What forex traders should actually know about MetaTrader 4

What keeps MT4 relevant after two decades

MetaQuotes stopped issuing new MT4 licences some time ago, steering brokers toward MT5. Still, most retail forex traders stayed put. The reason is straightforward: MT4 has twenty years of muscle memory behind it. Thousands of custom indicators, Expert Advisors, and community scripts run on MT4. Moving to MT5 means rebuilding that entire library, and few people would rather keep trading than recoding.

I spent time testing both platforms side by side, and the differences are less dramatic than the marketing suggests. MT5 has a few extras such as more timeframes and a built-in economic calendar, but the charting feels nearly identical. Unless you need MT5-specific features, there's no compelling reason to switch.

MT4 setup: what the manual doesn't tell more articles you

Installation takes a few minutes. What actually causes problems is getting everything configured correctly. On first launch, MT4 shows four charts tiled across a single workspace. Shut them all and open just the pairs you follow.

Save yourself repeating the same setup by using templates. Configure your usual indicators on one chart, then save it as a template. From there you can load it onto other charts without redoing the work. Small thing, but over time it adds up.

Something most people miss: open Tools > Options > Charts and enable "Show ask line." MT4 only shows the bid price by default, which makes your entries look off by the spread amount.

MT4 strategy tester: honest expectations

MT4's built-in strategy tester gives you the ability to run Expert Advisors against historical data. But here's the thing: the accuracy of those results hinges on your tick data. The default history data is modelled, meaning the tester fills gaps with made-up prices. For anything that needs accuracy, download proper historical data.

The "modelling quality" percentage is more important than the profit figure. Anything below 90% means the results are probably misleading. I've seen people show off backtests with 25% modelling quality and ask why their live results don't match.

Backtesting is where MT4 earns its reputation, but the output is only useful with quality tick data.

Custom indicators on MT4: worth the effort?

MT4 ships with 30 default technical indicators. The average trader uses maybe a handful. That said, the real depth comes from user-built indicators built with MQL4. The MQL5 marketplace alone has a massive library, covering everything from basic modifications to elaborate signal panels.

Adding a custom indicator is simple: copy the .ex4 or .mq4 file into your MQL4/Indicators folder, reboot MT4, and the indicator shows up in the Navigator panel. The risk is quality control. Free indicators vary wildly. Some are genuinely useful. Many stopped working years ago and can freeze your terminal.

Before installing anything, check when it was last updated and whether users have flagged problems. Bad code won't just give wrong signals — it can freeze the whole terminal.

Managing risk properly inside MT4

You'll find several built-in risk management features that a lot of people skip over. The most useful is maximum deviation in the trade execution window. This defines the amount of slippage you're willing to tolerate on market orders. If you don't set it and you'll get whatever price the broker gives you.
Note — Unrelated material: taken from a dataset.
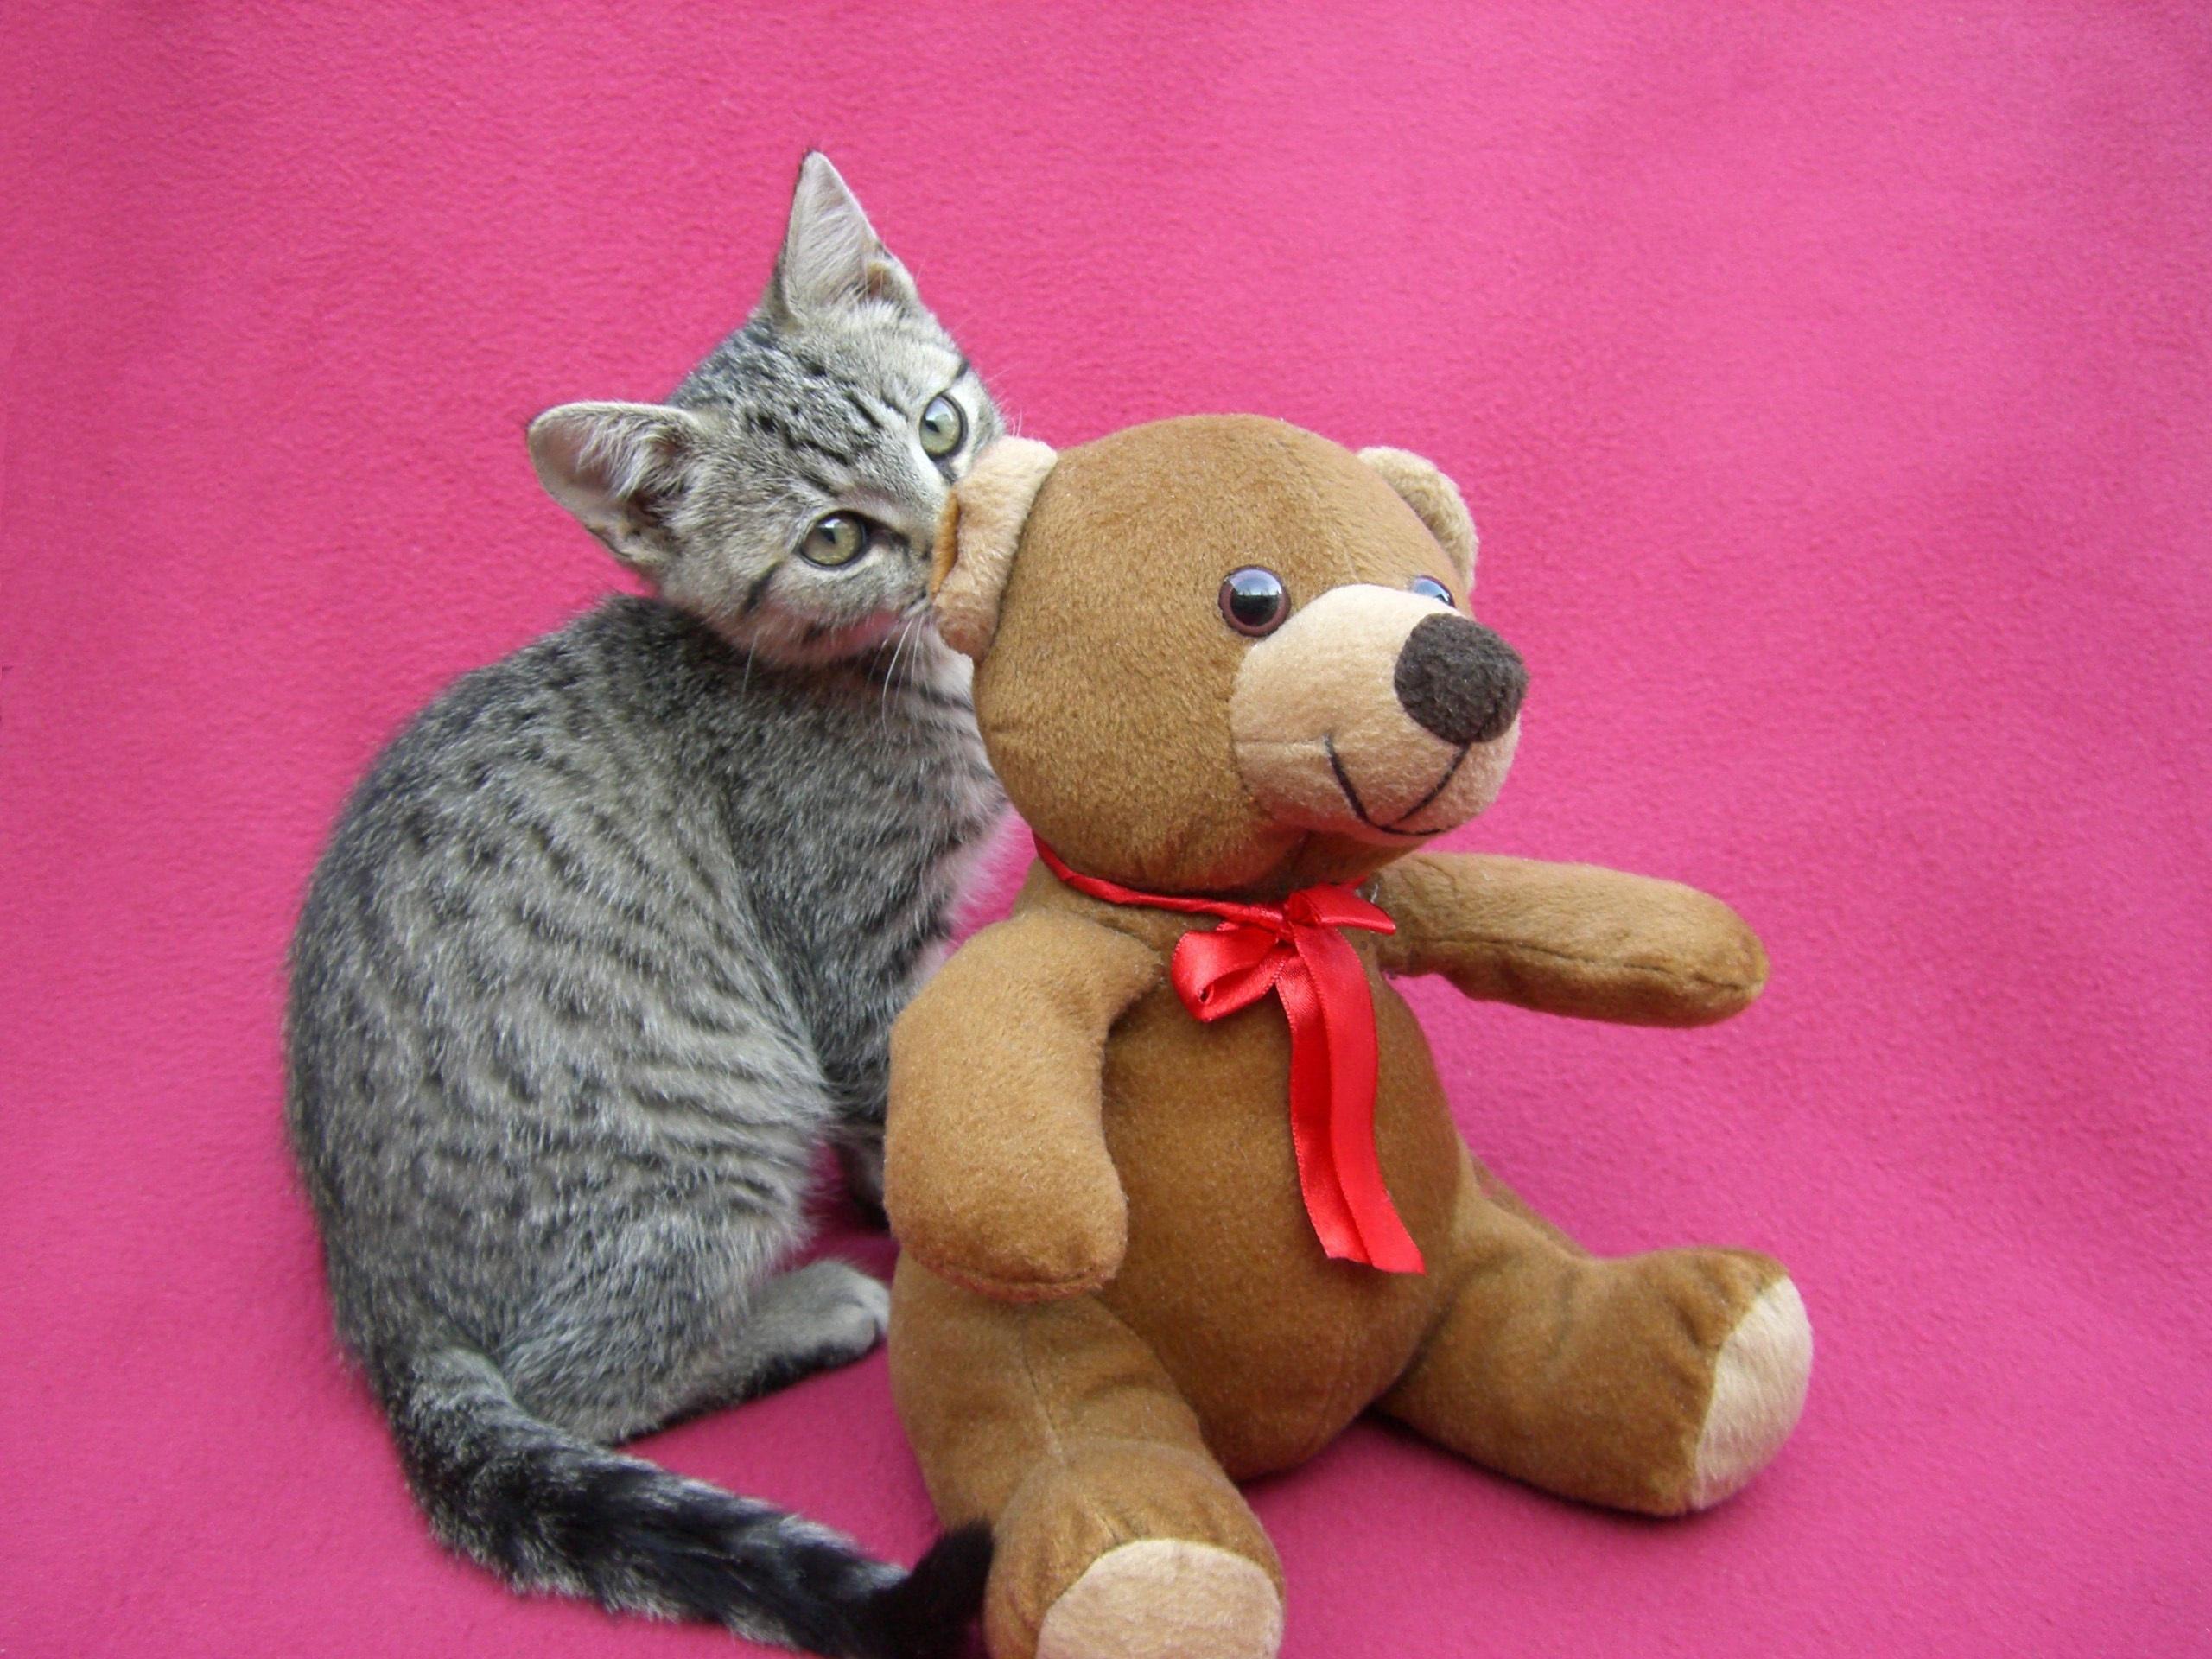 Kostenlose foto : süß, Suchen, Jung, Kätzchen, Katze, katzenartig ...

Everyone knows about stop losses, but MT4's trailing stop feature are underused. Click on an open trade, choose Trailing Stop, and enter the pip amount. It adjusts when the trade goes into profit. It won't suit every approach, but on trending pairs it removes the temptation to stare at the screen.

None of this is complicated to set up and the difference in discipline is noticeable over time.

Running Expert Advisors: practical expectations

Expert Advisors on MT4 sounds appealing: set rules, let the code trade, walk away. In practice, most EAs fail to deliver over any decent time period. EAs marketed using incredible historical results tend to be over-optimised — they performed well on past prices and stop working when market conditions change.

That doesn't mean all EAs are a waste of time. A few people code their own EAs for one particular setup: time-based entries, managing position sizing, or closing trades at predetermined levels. These utility-type EAs work because they execute defined operations where you don't need interpretation.

Before running any EA with real money, run them on a demo account for no less than a few months. Running it forward in real time tells you more than backtesting alone.

Using MT4 outside Windows

MT4 is a Windows application at heart. If you're on macOS deal with friction. The old method was running it through Wine, which did the job but came with rendering issues and occasional crashes. Some brokers now offer native Mac apps built on Crossover or similar wrappers, which are better but remain wrappers at the end of the day.

The mobile apps, on both iOS and Android, are genuinely useful for keeping an eye on your account and tweaking stops. Full analysis on a mobile device is pushing it, but closing a trade on the go is worth having.

Check whether your broker offers a proper macOS version or just Wine under the hood — the difference in stability is noticeable.